Because time and space are important elements of the engagement... the idea of a rapid and accurate decision was first based on an evaluation of time and space, and consequently received a name which refers to visual estimates only... But soon it was also used of any sound decision taken in the midst of action - such as recognizing the right point to attack, etc. Coup d'oeil therefore refers not alone to the physical but, more commonly, to the inward eye... the concept merely refers to theh quick recognition of a truth that the mind would ordinarily miss or would perceive only after long study and reflection (Clausewitz 102).
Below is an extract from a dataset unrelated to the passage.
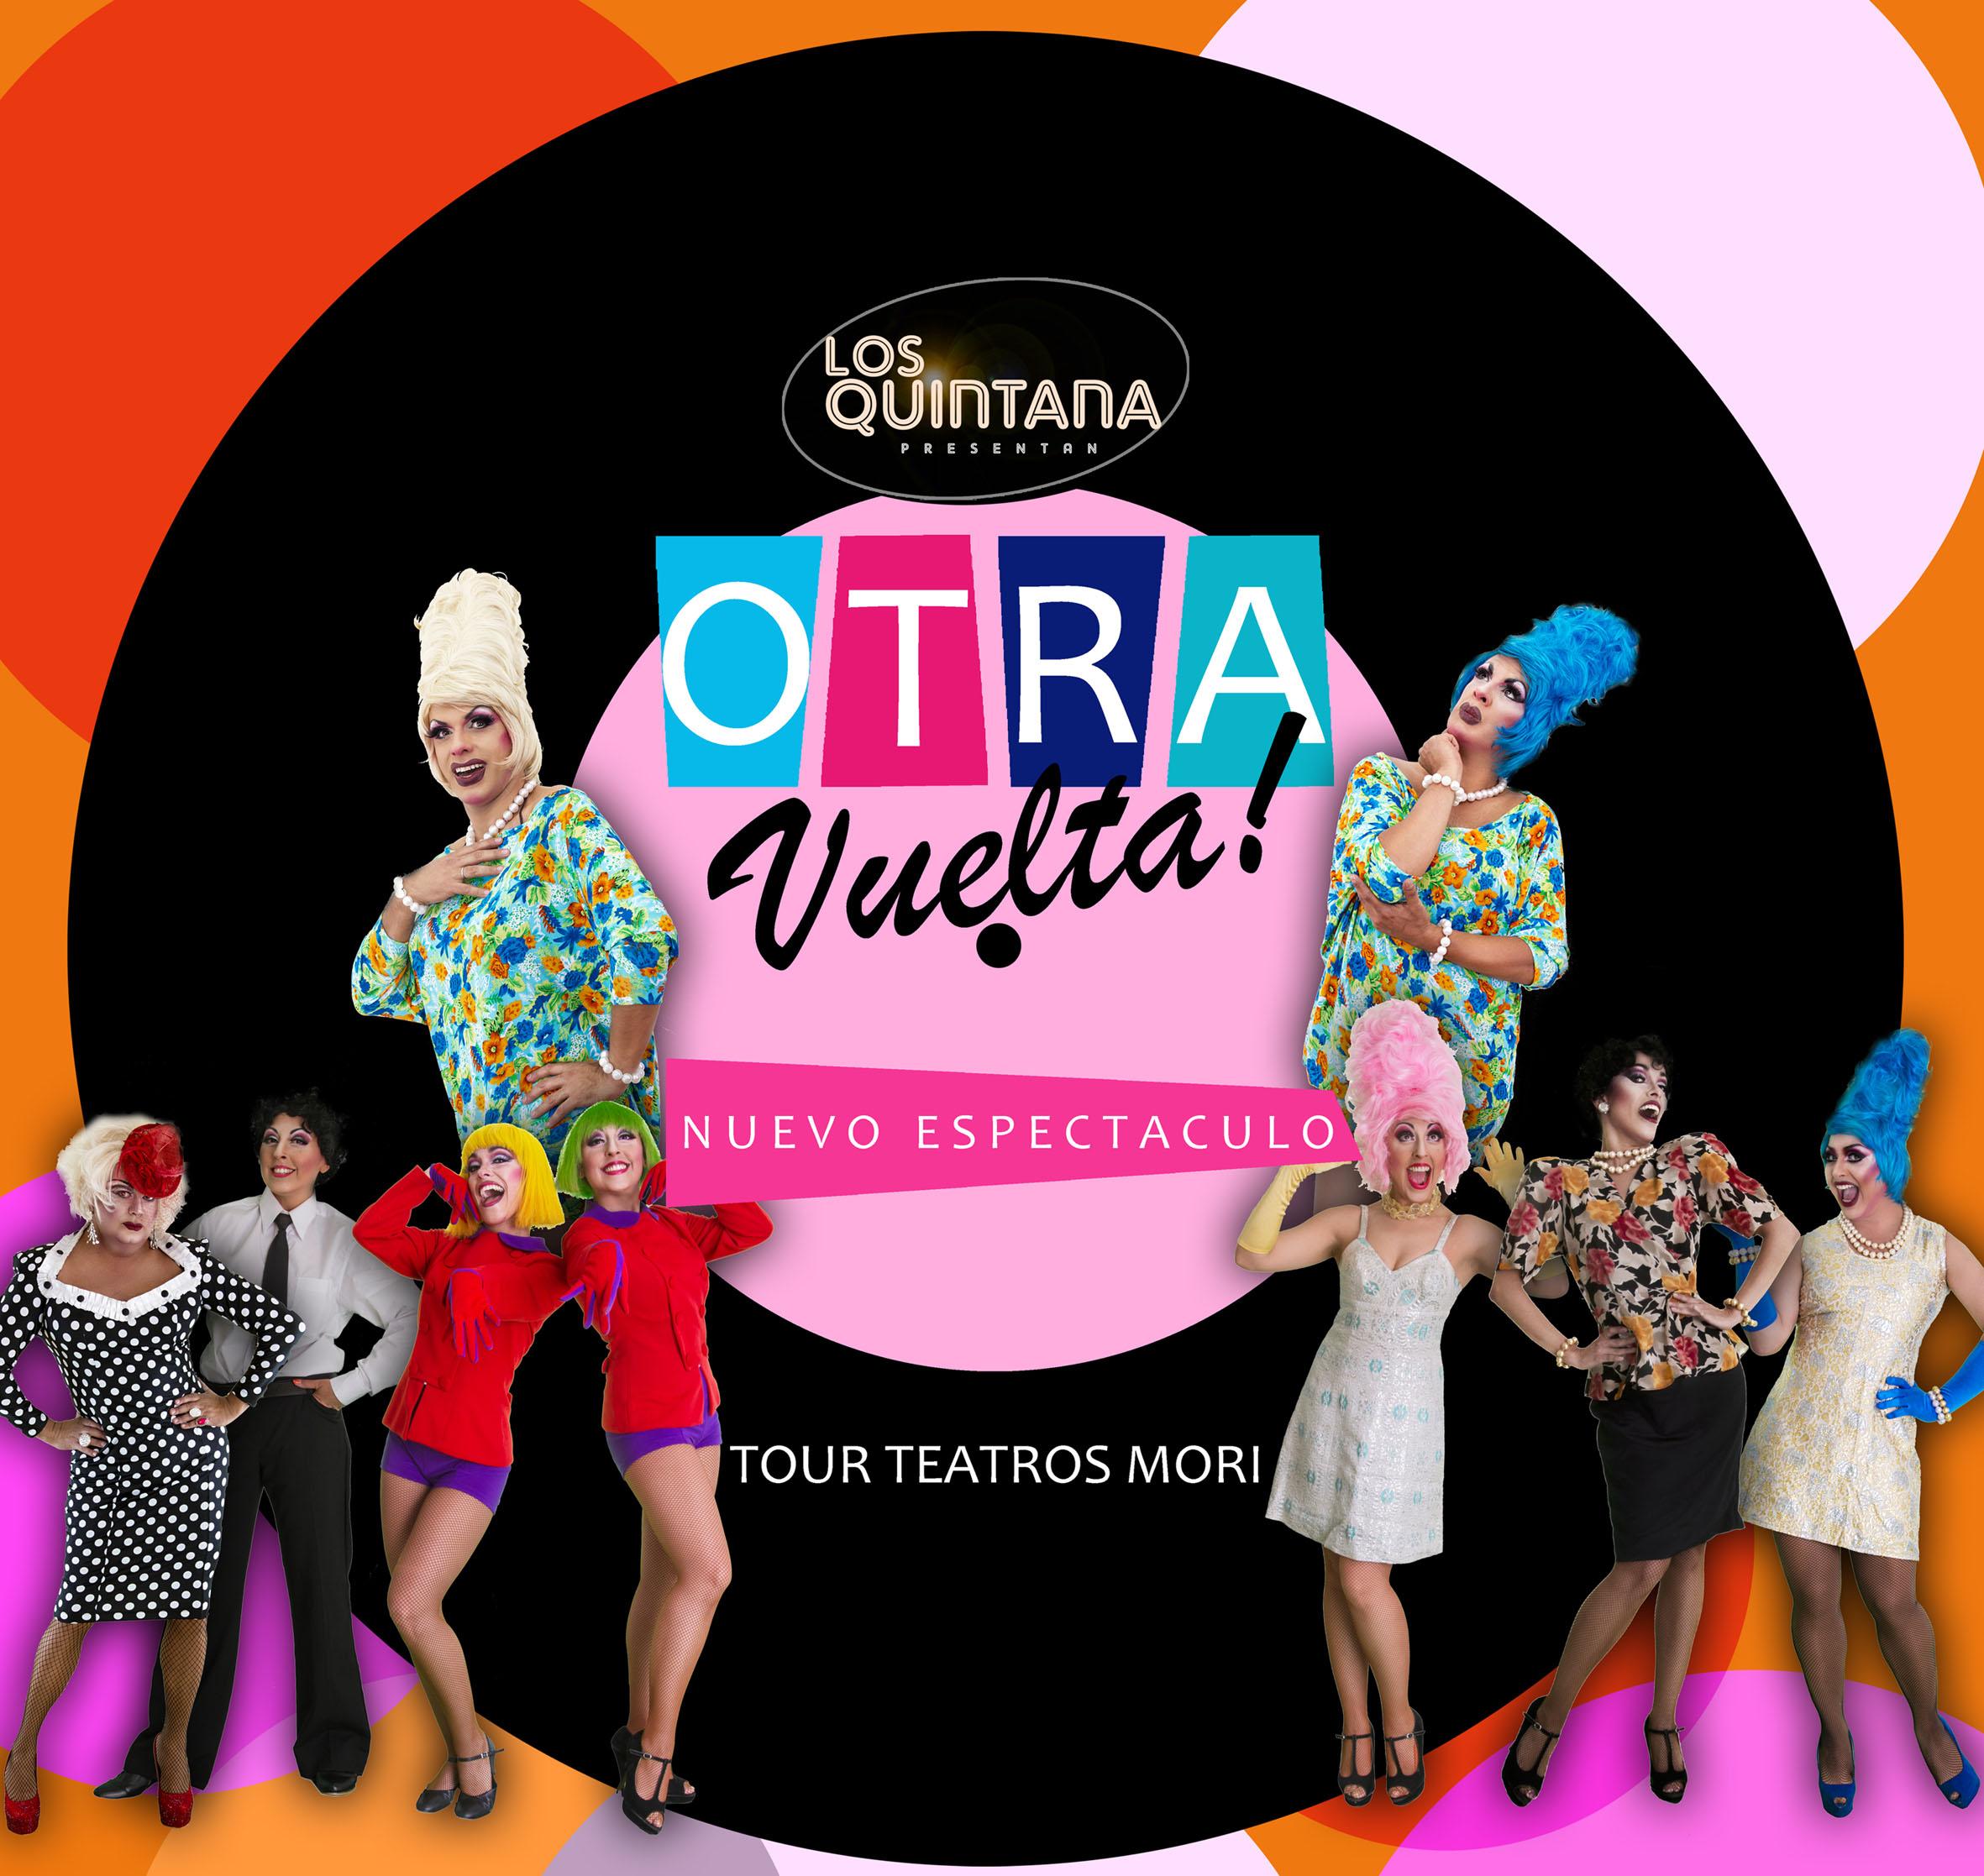 """Los Quintana vienen por """"Otra vuelta!"""" a Chile en un tour por las salas de Teatro Mori"""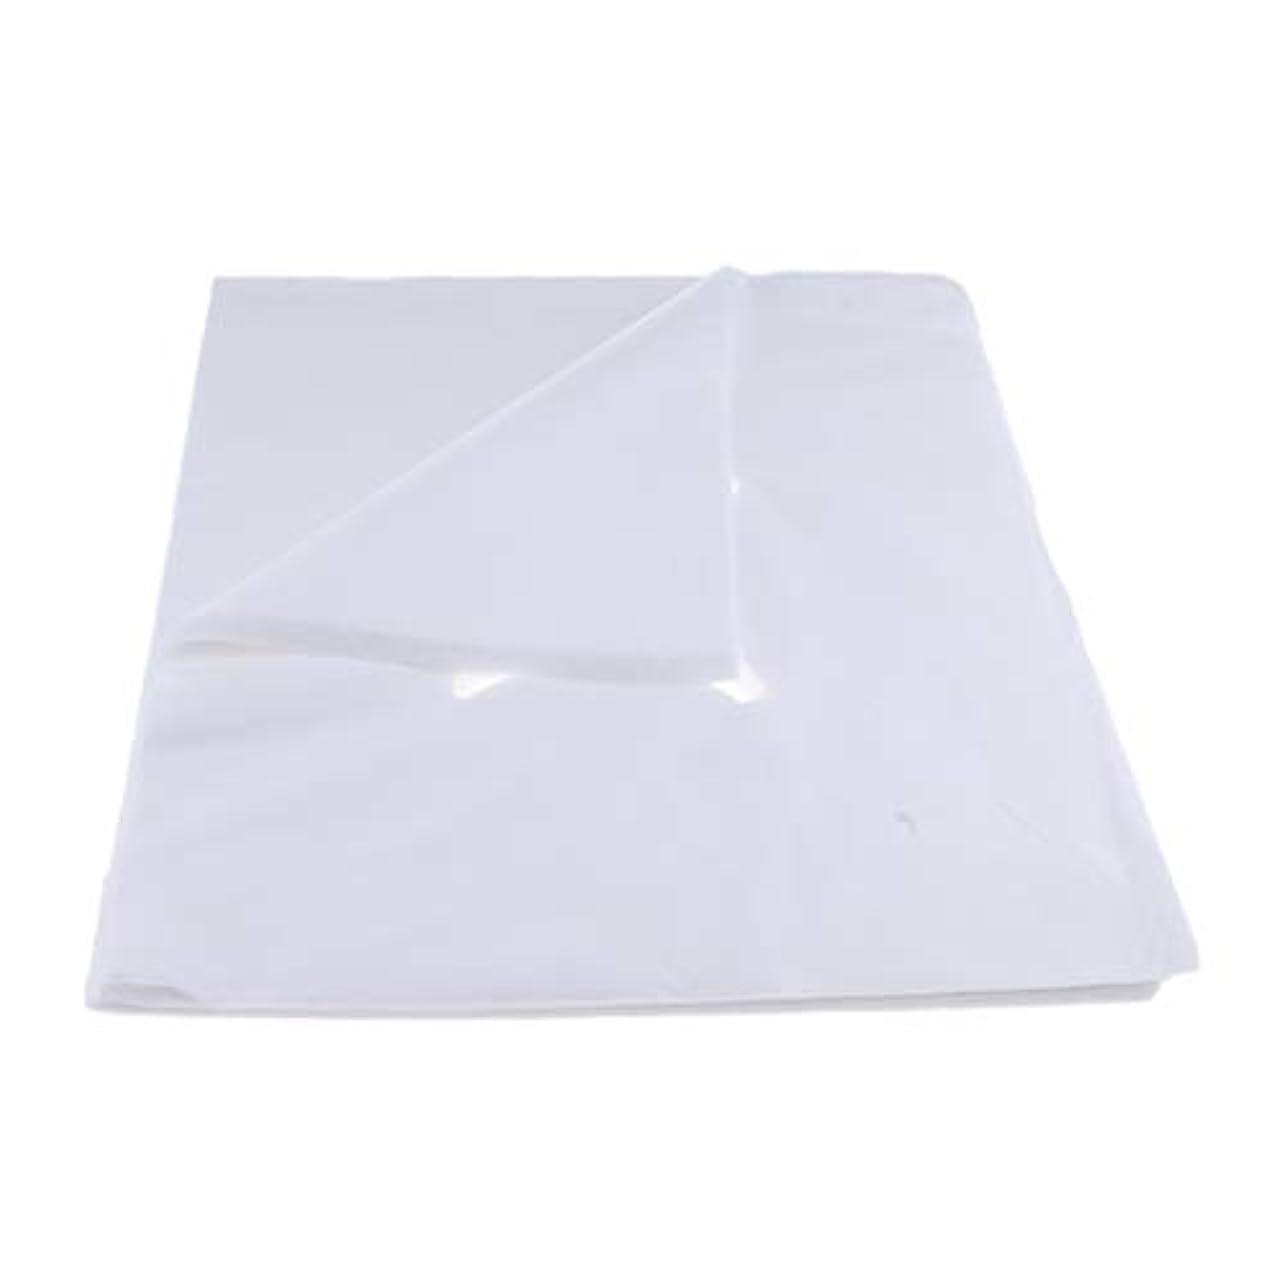 どんよりした個人評判sharprepublic 200ピース/個スクエア不織布ホワイト使い捨てマッサージベッドテーブルフェイスクレードルクッションカバー用ビューティーサロンSPA小売店 - S

This mental quickness is important in another sense. Because of the constant flux of the political terrain, because of the uncertainty with which we perceive it, and because of the unpredictability of the indiviudal actors involved in a particular situation, "the commander continually finds that things are not as he expected" (Clausewitz 102). Just as our expressive language is "logic in contingency, an oriented system which nevertheless always elaborates random factors, taking what was fortuitous up again into a meaningful whole" (Merleau-Ponty 88), the strategist must formulate coherent action while simultaneously and rapidly reacting to the unforeseen circumstances thrown up at him from the political terrain, continually incorporating new information and chance events into his perception of the situation. This "presence of mind... must play a great role in war, the domain of the unexpected, since it is nothing but an increased capacity of dealing with the unexpected. We admire presence of mind in an apt repartee, as we admire quick thinking in the face of danger" (Clausewitz 103).